Bagaimana jika warna memiliki kekuatan untuk menyimpan ingatan? Jika suatu warna bisa membawa kembali kenangan yang telah lama terkubur, atau bahkan menyembuhkan luka yang tak kasat mata?
Dalam The White Book, Han Kang mengajak pembaca untuk menjelajahi konsep warna putih sebagai simbol dari kehilangan, harapan, dan refleksi eksistensial.
Berbeda dari buku-bukunya sebelumnya, karya ini lebih menyerupai meditasi puitis, menggabungkan esai pendek, prosa reflektif, dan pengamatan visual dalam sebuah perjalanan batin yang mendalam.
Buku ini berangkat dari pengalaman personal penulis, yakni kematian saudara perempuannya yang meninggal hanya beberapa jam setelah dilahirkan. Kehadiran yang begitu singkat ini meninggalkan jejak mendalam dalam keluarga dan menciptakan ruang kosong yang hanya bisa diisi oleh kenangan yang tak pernah benar-benar ada.

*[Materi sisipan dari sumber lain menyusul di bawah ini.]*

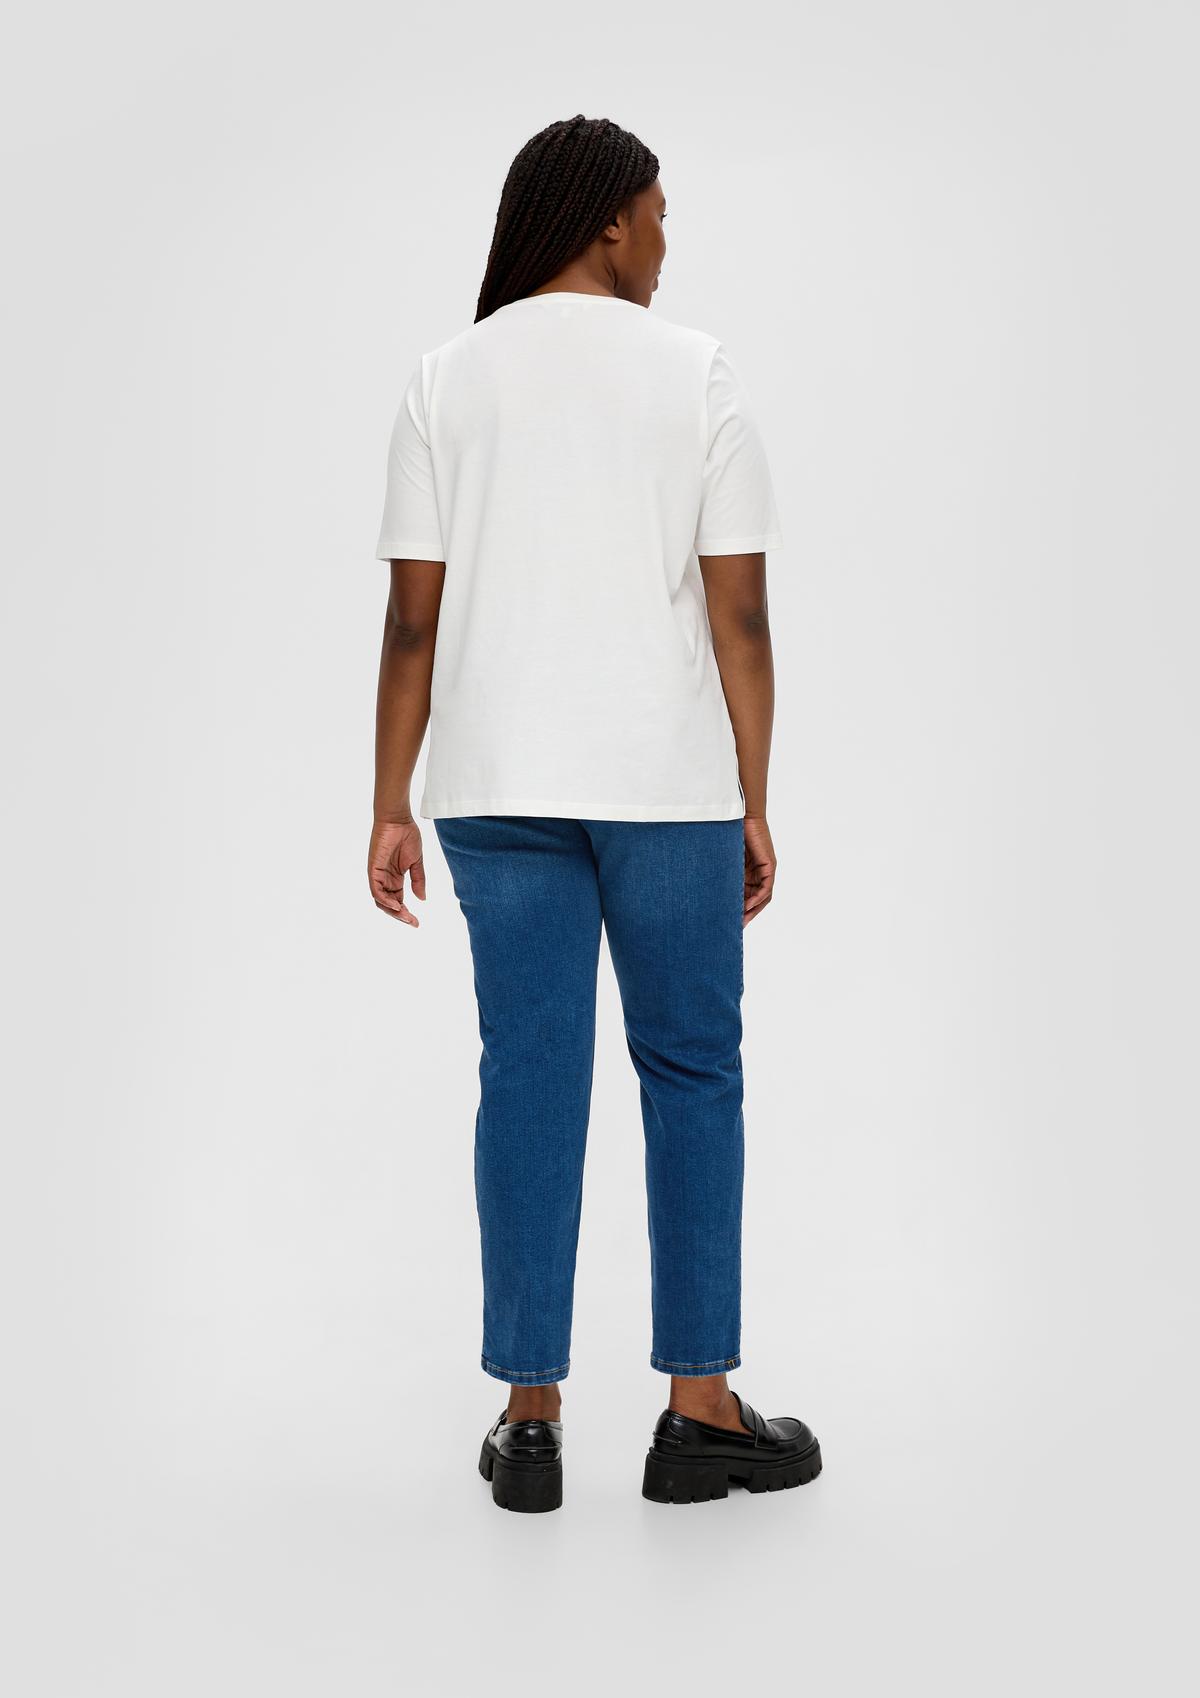 s.Oliver Curvy jeans / regular fit / mid rise / slim leg

Han Kang memilih warna putih sebagai representasi dari kehilangan ini, mengeksplorasi berbagai benda dan fenomena yang berkaitan dengannya—salju, kain kafan, garam, cahaya bulan—sebagai cara untuk memahami dan merangkum perasaan kehilangan yang tak terungkapkan.
Selain refleksi personal, The White Book juga berbicara tentang sejarah dan trauma kolektif. Setting novel yang berlatar di Warsawa, Polandia, memperkuat tema kehancuran dan rekonstruksi.

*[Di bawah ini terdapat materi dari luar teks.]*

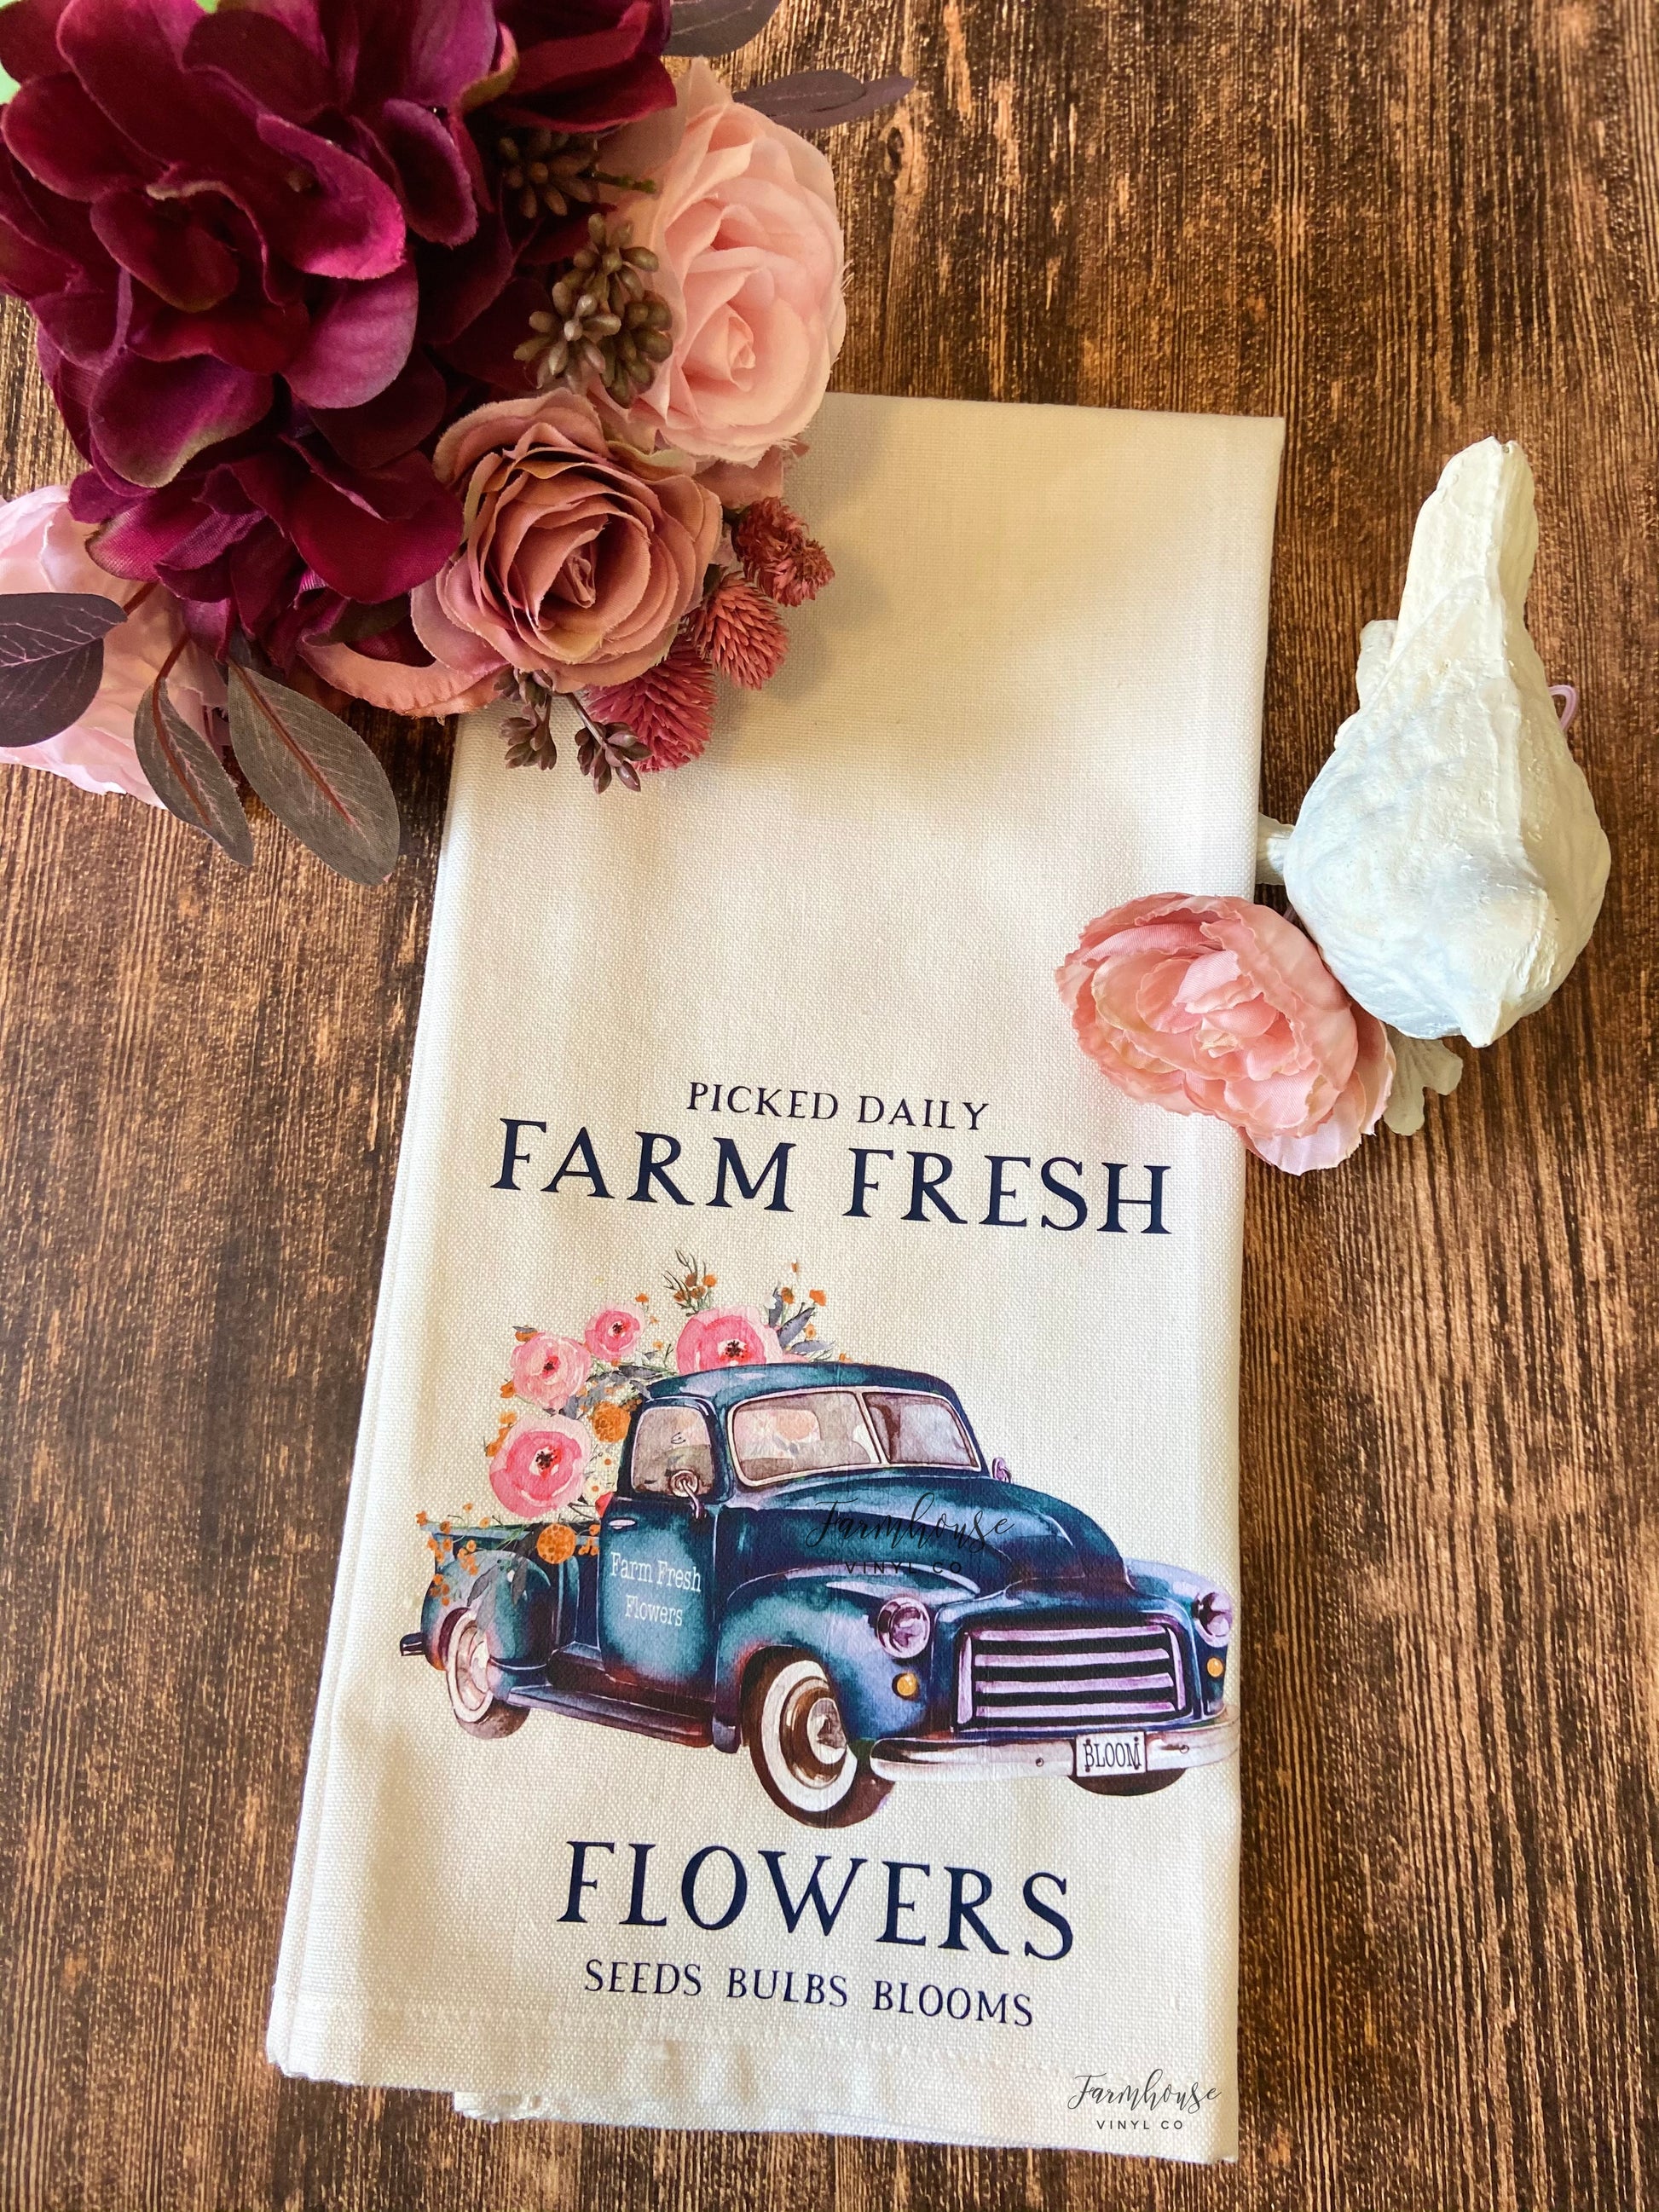 Farm Fresh Flowers Truck Towel - Farmhouse Vinyl Co

Kota ini, yang pernah hancur akibat Perang Dunia II dan kemudian dibangun kembali, menjadi metafora bagi perjalanan manusia dalam menghadapi luka dan kehilangan.
Melalui deskripsi tentang salju yang menyelimuti kota, Han Kang menunjukkan bagaimana sejarah yang kelam tetap dapat menyisakan keindahan dalam bentuk yang lain.

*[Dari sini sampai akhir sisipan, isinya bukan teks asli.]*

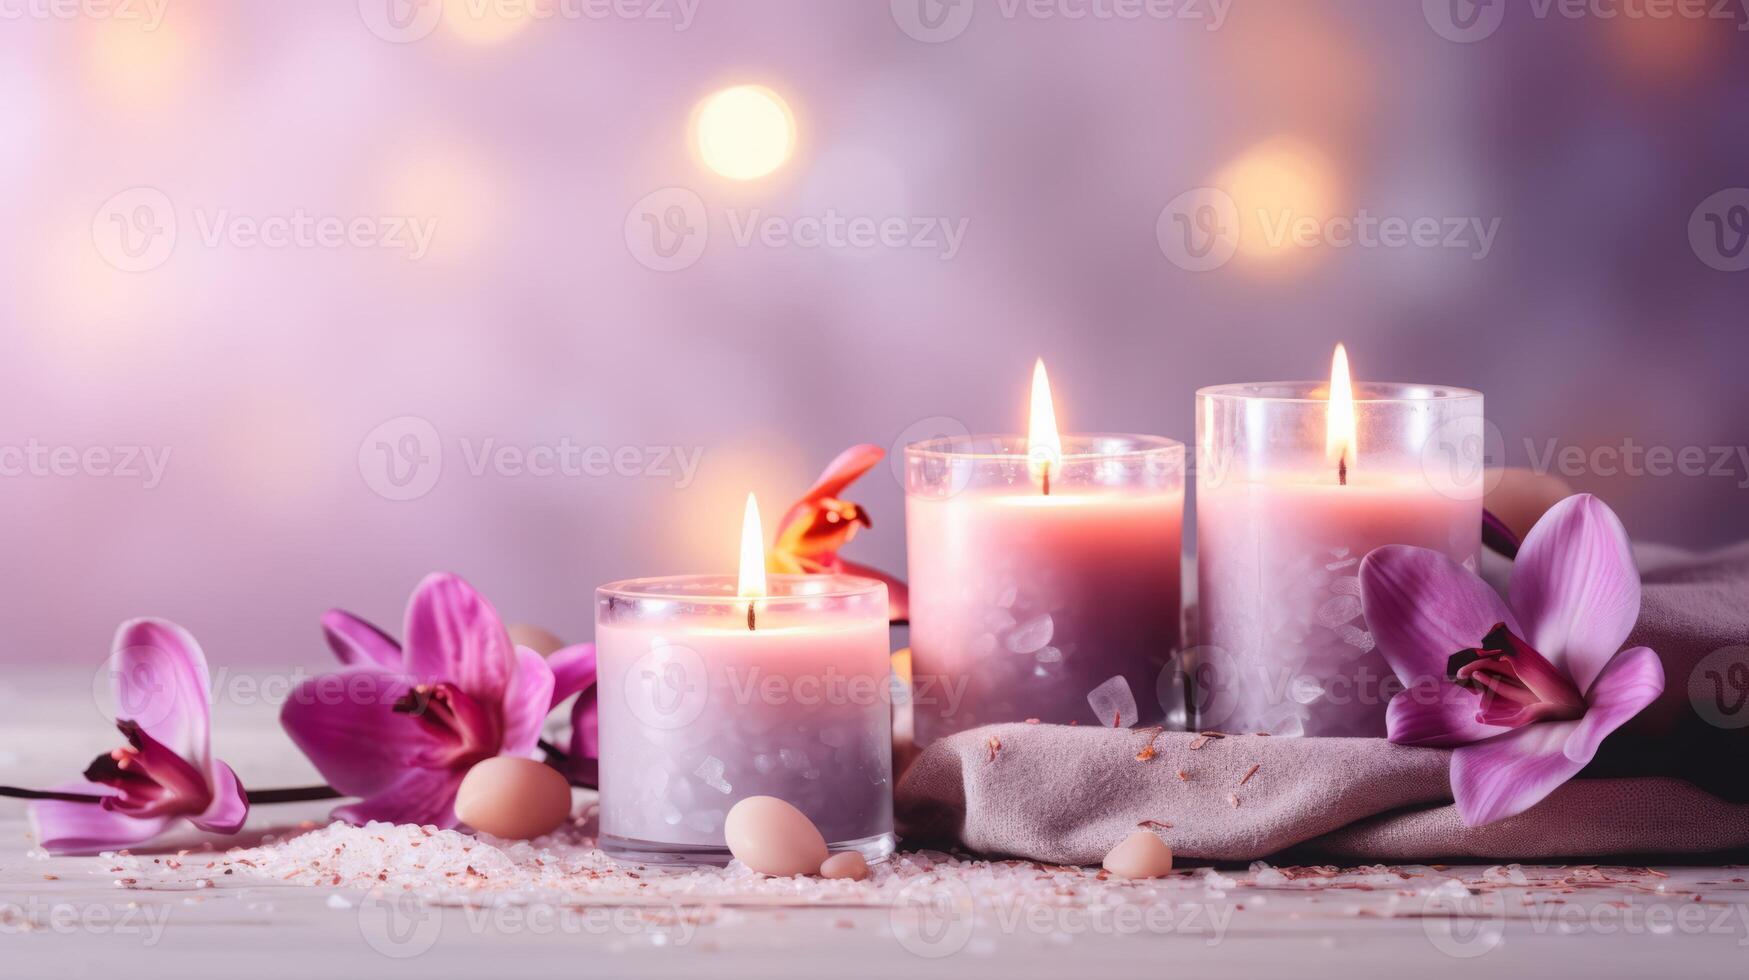 ai gegenereerd ontspannende spa sfeer met kaarsen en bloemen foto

Salju, dalam hal ini, bukan sekadar latar, melainkan simbol dari ketidakberdayaan sekaligus harapan, menyelubungi masa lalu yang menyakitkan dengan kelembutan dan kesunyian.
Tema besar lainnya yang muncul dalam buku ini adalah hubungan antara kehidupan dan kematian. Putih, dalam berbagai budaya, melambangkan awal sekaligus akhir—warna kain kafan yang menutup tubuh yang telah pergi, tetapi juga warna susu yang menandakan kehidupan yang baru lahir.
Dari caranya menghadirkan kontras ini, Han Kang mengajak pembaca untuk merenungkan bagaimana kehidupan dan kematian tidak pernah benar-benar terpisah, melainkan saling terkait dalam siklus yang tak terhindarkan.
Lebih dari sekadar buku, The White Book adalah pengalaman membaca yang kontemplatif. Han Kang tidak hanya menyajikan narasi, tetapi juga menciptakan ruang bagi pembaca untuk merenungkan pengalaman kehilangan mereka sendiri.
Melalui bahasa yang puitis dan suasana yang hening, buku ini mengajukan pertanyaan mendalam tentang makna kehidupan, ingatan, dan bagaimana manusia bisa menemukan keindahan dalam kesedihan.
Sebuah karya yang mengajak untuk berpikir, bukan hanya tentang apa yang hilang, tetapi juga tentang apa yang masih tersisa dan bagaimana kita bisa terus melangkah ke depan.